Exercise description: What you return should be every line below, word for word, and none of the images.

Given material START

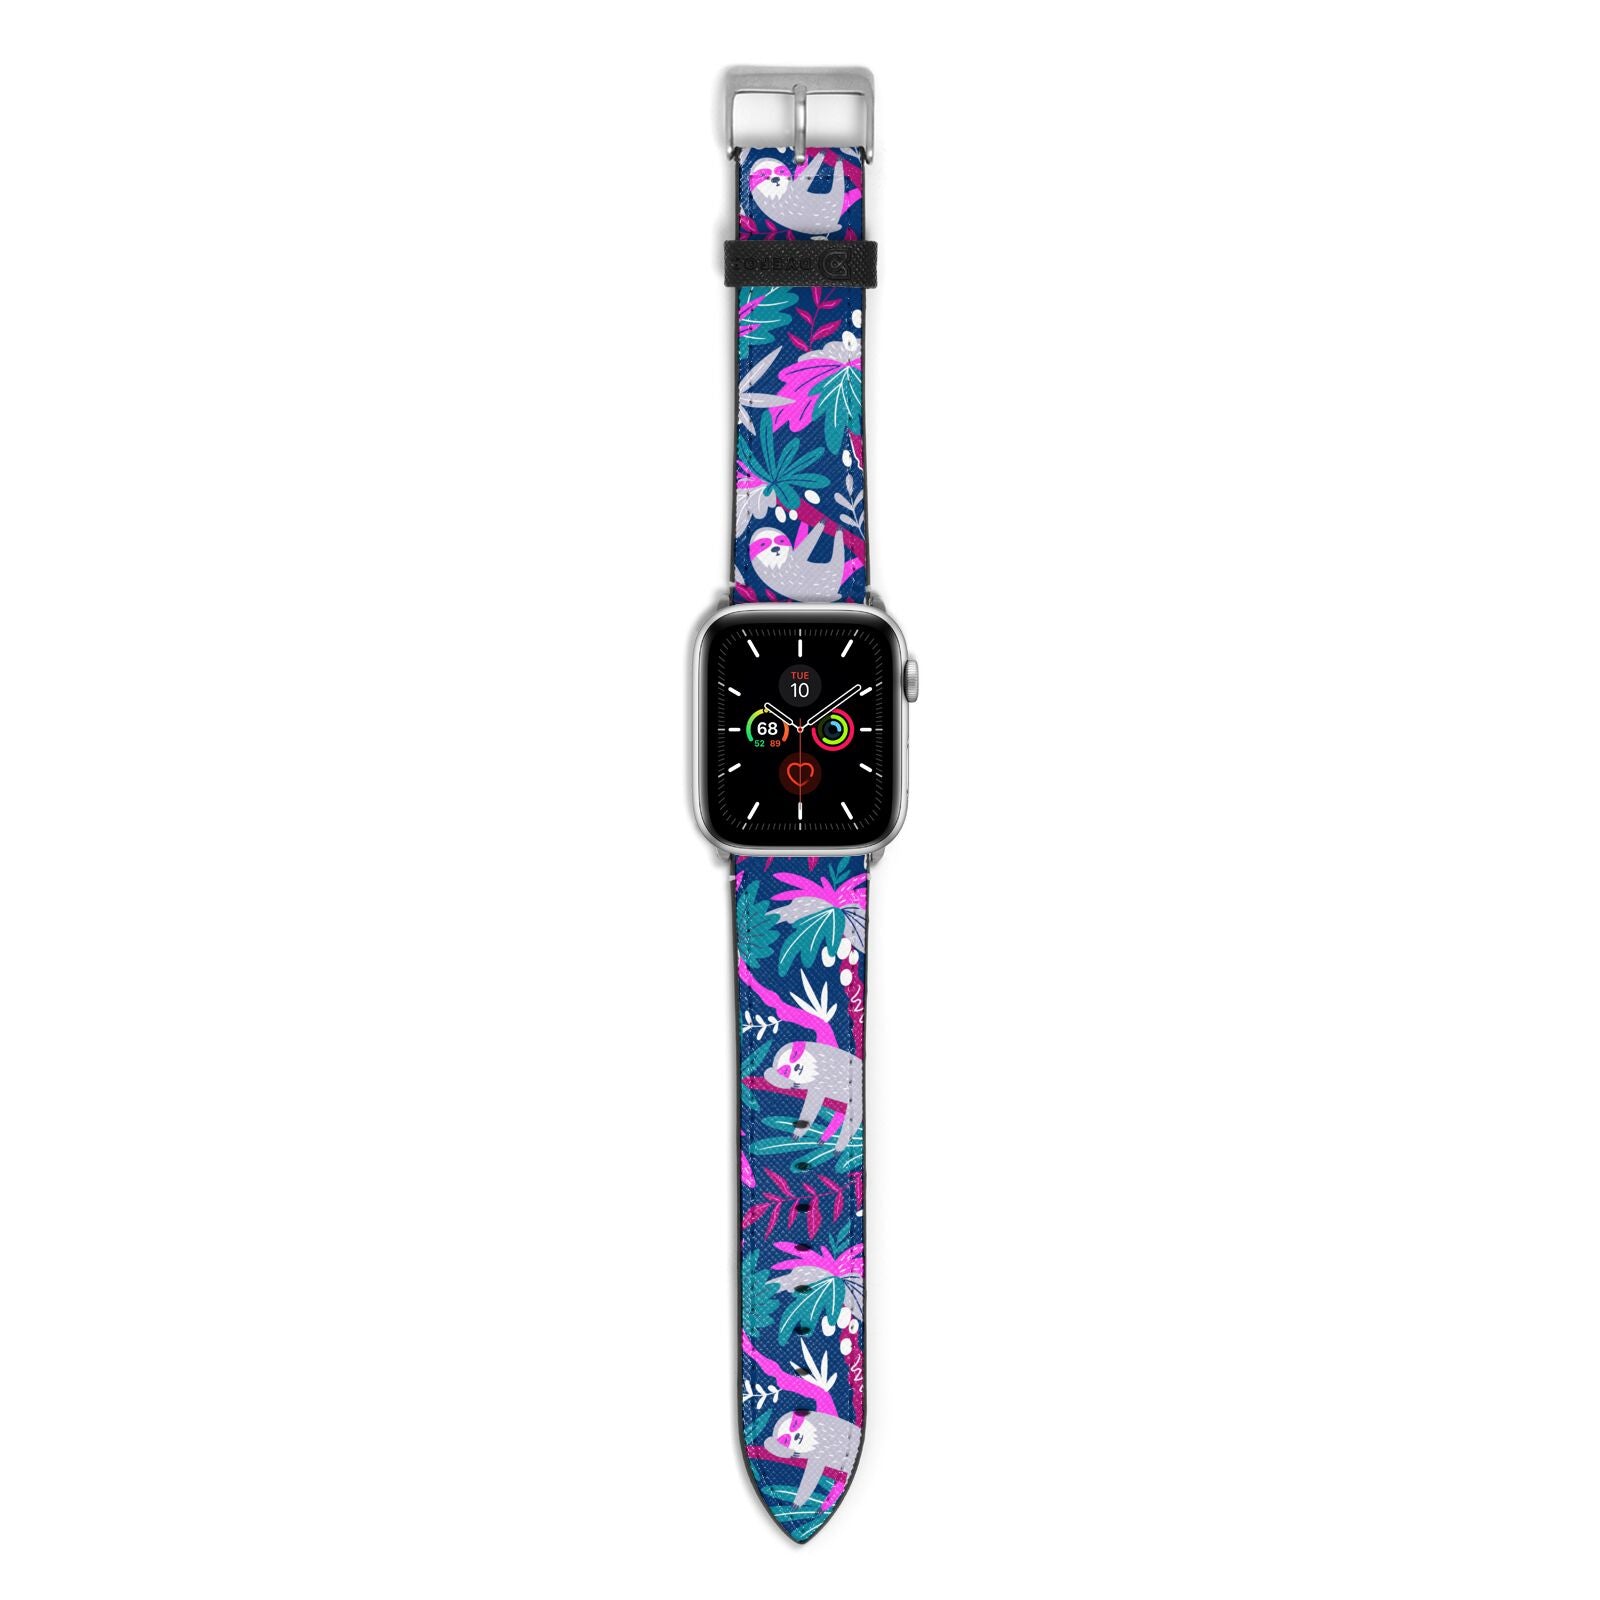 Sloth Apple Watch Strap with Silver Hardware
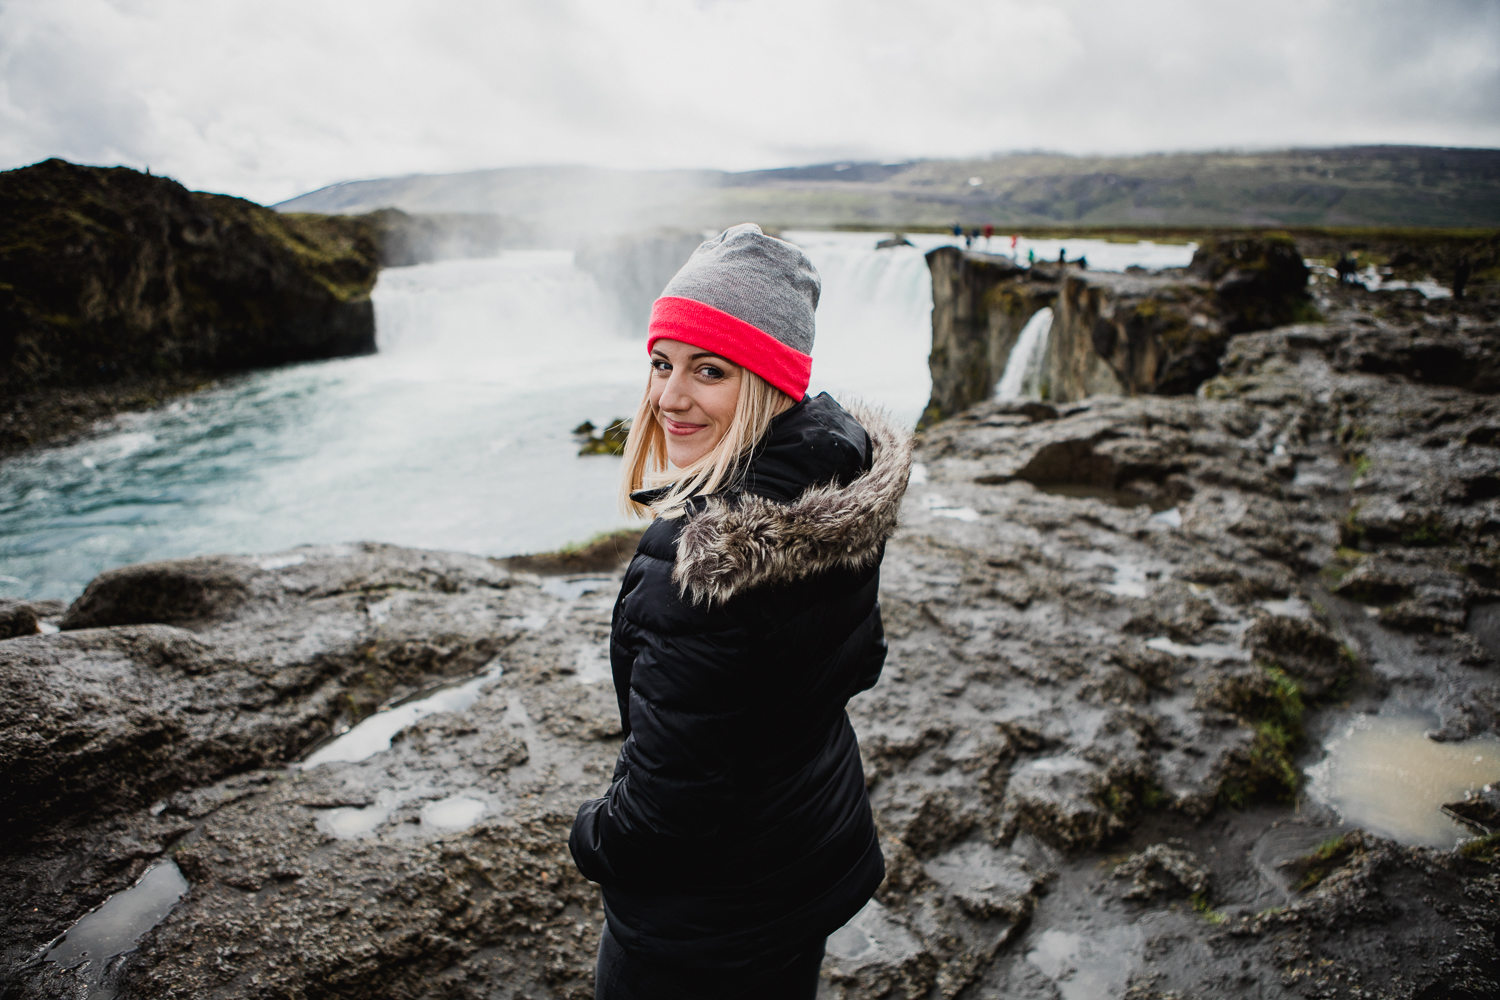 Snow, waterfalls and geysers galore
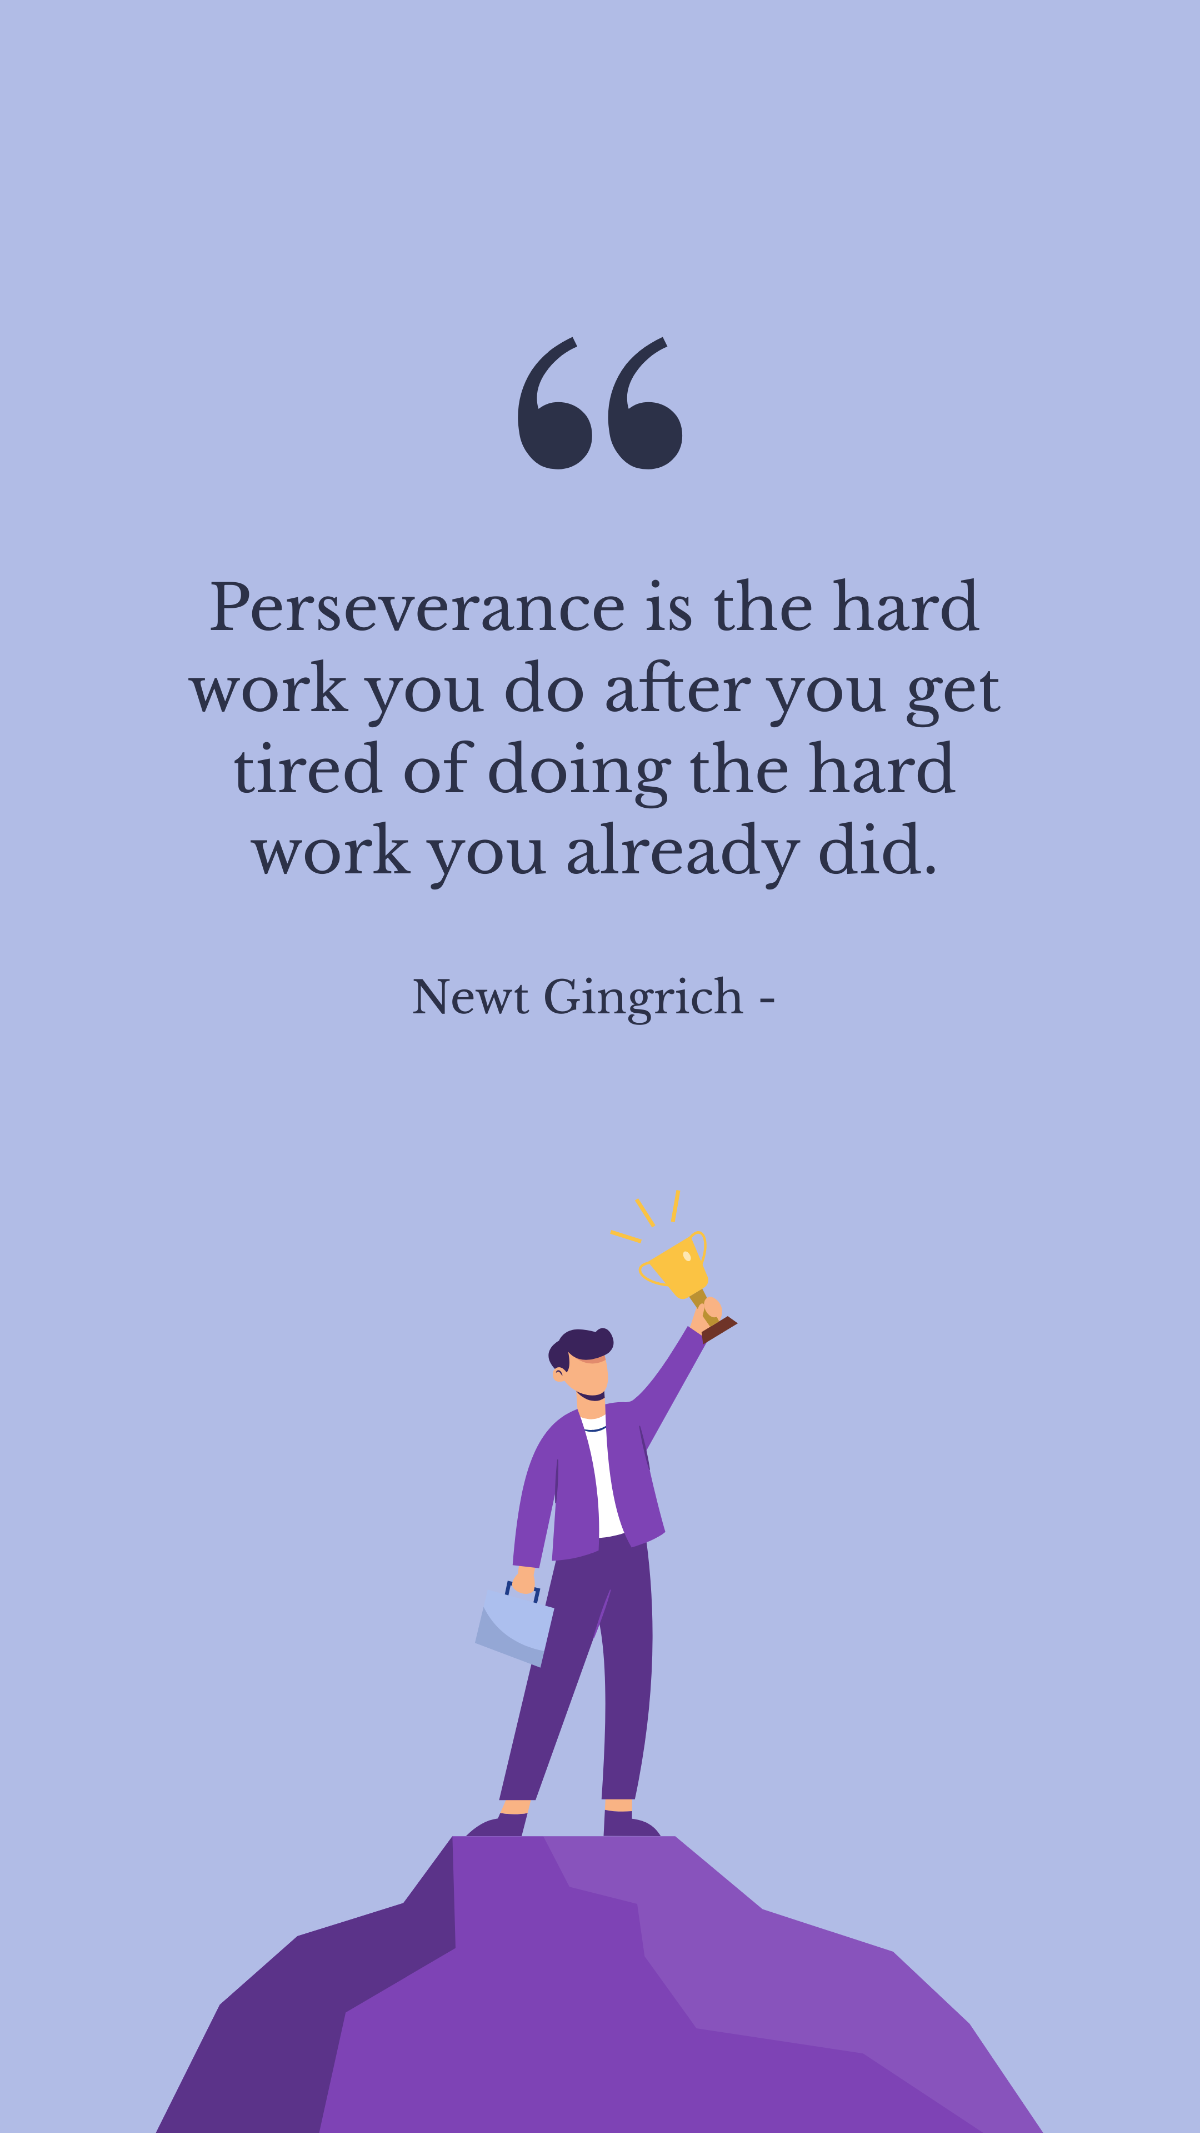 Free Newt Gingrich - Perseverance is the hard work you do after you get tired of doing the hard work you already did. Template

Given material END

Output of the exercise:
 Sloth Apple Watch Strap with Silver Hardware
 Snow, waterfalls and geysers galore
 Free Newt Gingrich - Perseverance is the hard work you do after you get tired of doing the hard work you already did. Template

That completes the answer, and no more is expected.